Mike Brasher:Patrick, we'll pop around here and talk with you about some of the work that you've done on any one of these things. We could go into a lot of detail, but we'll try to avoid that, and we'll come back later on in future episodes and and maybe dig into the details. I wanna first talk with you have you talk about some of the work you've been doing for I don't know if it goes back a decade or not, but it's it's really rooted in the application of satellite imagery and some of the other sort of image processing tools that we now have available and that have been advancing to to obtain sort of large scale assessments of of wetland change. Most often within our conversations, we we talk about wetland loss, this idea that that a wetland is drained or a wetland is is is dry and forevermore dry, it's either filled or drained or whatever.
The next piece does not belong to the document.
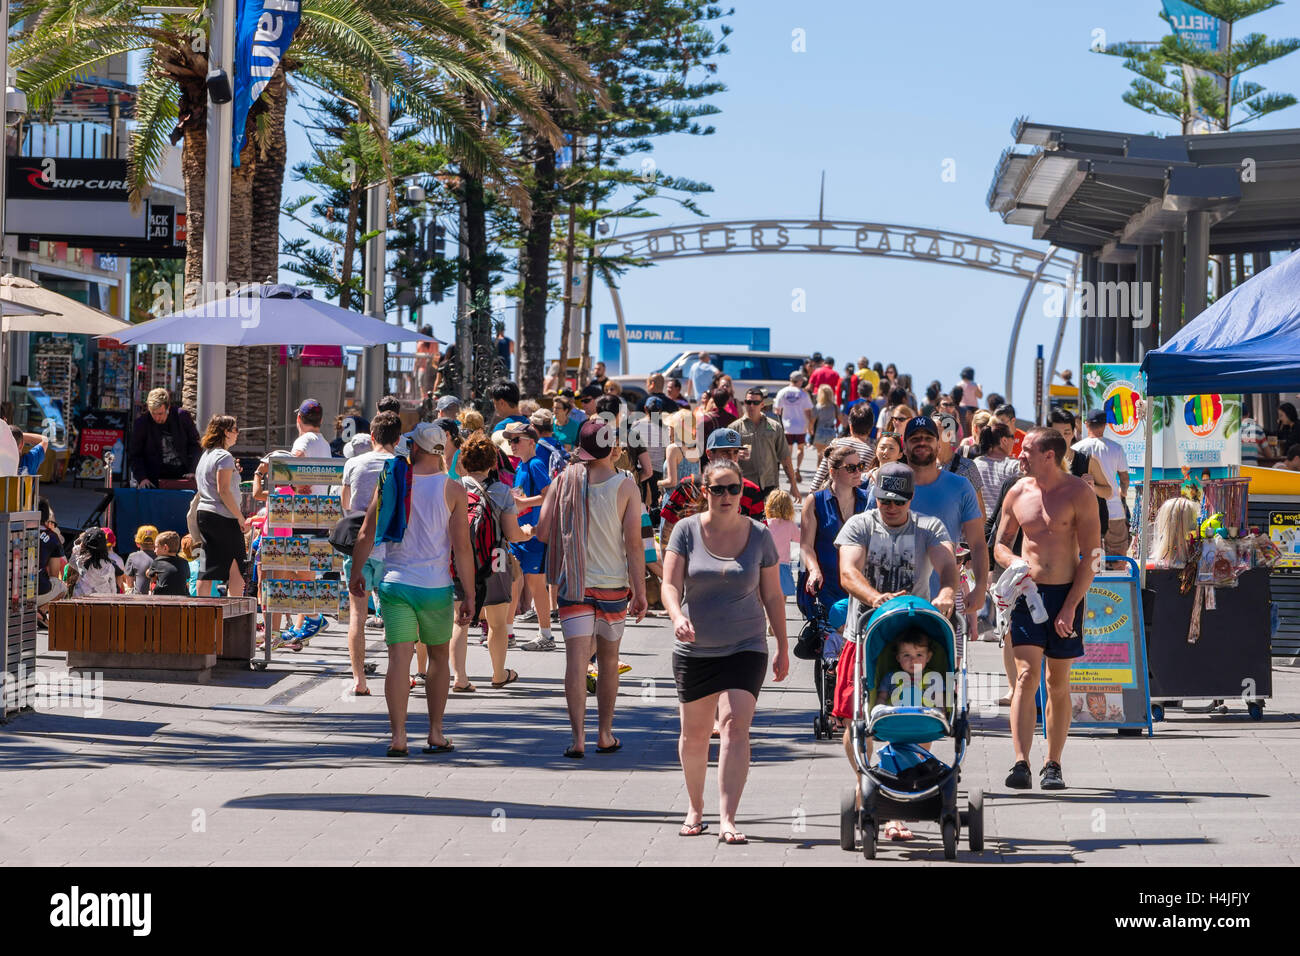 Tourists in Cavill Avenue in Gold Coast, Australia Stock Photo

There are changes in wetlands that occur short of that complete drainage action for whatever may have have caused it, and you've studied that quite extensively in the Pacific Flyway, not just in The US, but extending into Mexico as well, and you've you've kind of framed that, the consequences of of the changes that you've seen in in wetland conditions around its impacts on on migratory birds, and so walk us through some of that, the the nature of those questions.
Mike Brasher:You call it functional wetland loss, the idea that wetlands may still be there, but over time, they have changed in their permanence or their extent as driven by a host of factors. And so help people understand that question that you've been studying and why it's important from DU's conservation perspective.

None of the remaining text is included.